Lavinia Stoddard (, Stone; June 29, 1787 – November 8, 1820) was an American poet and school founder. Her poem, "The Soul's Defiance", was included in most of the anthologies published in the United States in the 19th-century.

Early life and education
Lavinia Stone was born in Guilford, Connecticut, June 29, 1787. While she was an infant, her father, Elijah Stone removed to Paterson, New Jersey, and here she received, besides the careful instructions of an intelligent and judicious mother, such education in the schools as was at the time common to the children of farmers.

Career
In 1811, she married Dr. William Stoddard, of Stratford, Connecticut.

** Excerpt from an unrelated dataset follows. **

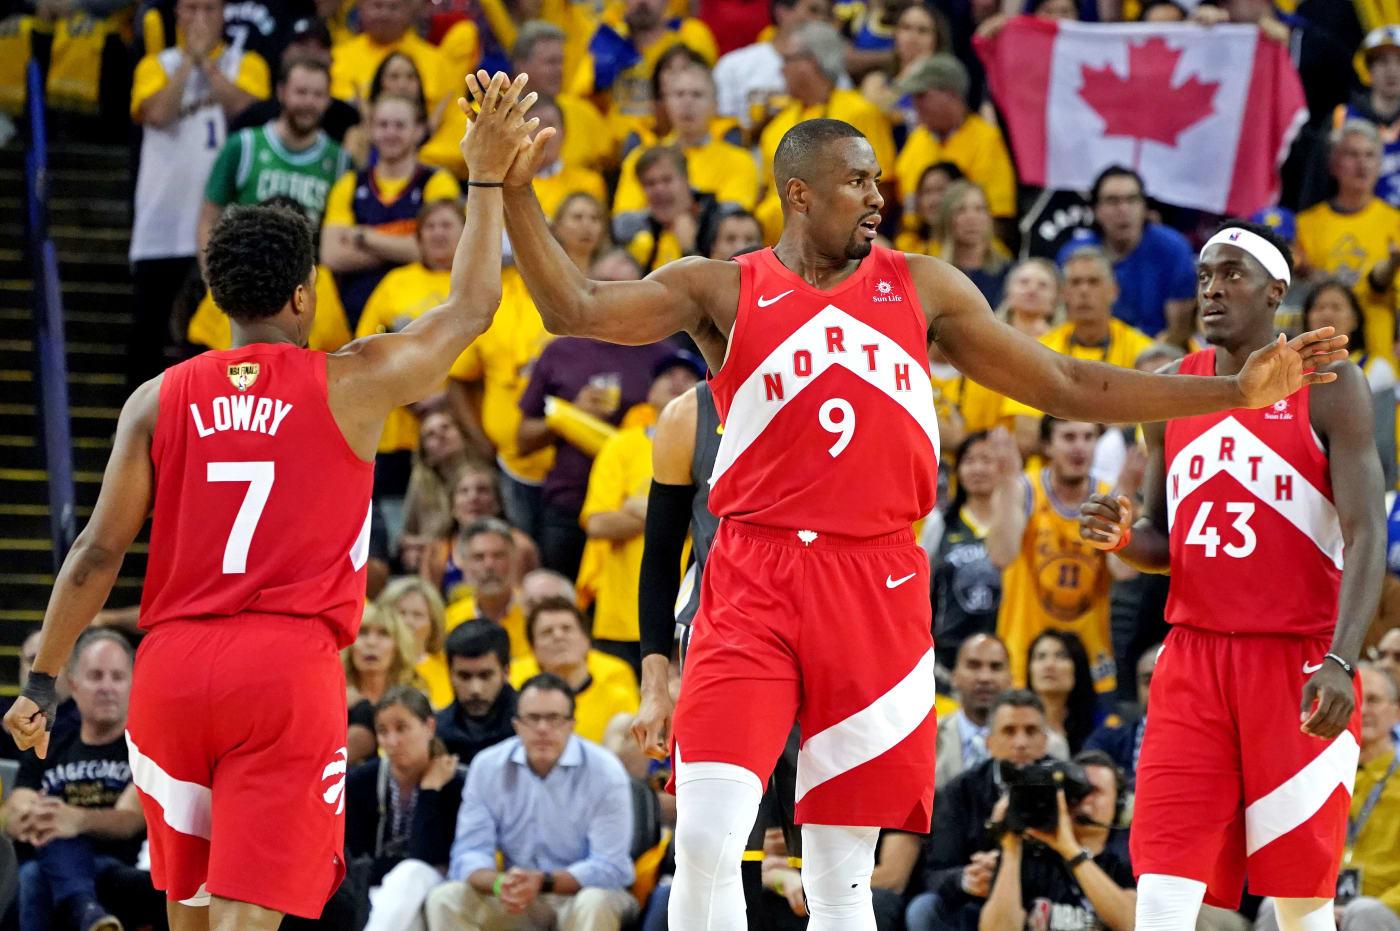 Lowry Ibaka Siakam NBA Finals Game 4 2019

He was a graduate of Yale University in 1804; a graduate of the Medical School of the University of Pennsylvania in 1810, and a member of the Rensselaer County Medical Society in 1817.

In the then flourishing village of Troy, New York, on the Hudson River, the husband and wife established an academy, which they conducted successfully for several years. Here, they were friends of Francis Wayland, D.D., LL.D., afterwards of Brown University, and were both noticed in his memoir in an affectionate and complimentary way.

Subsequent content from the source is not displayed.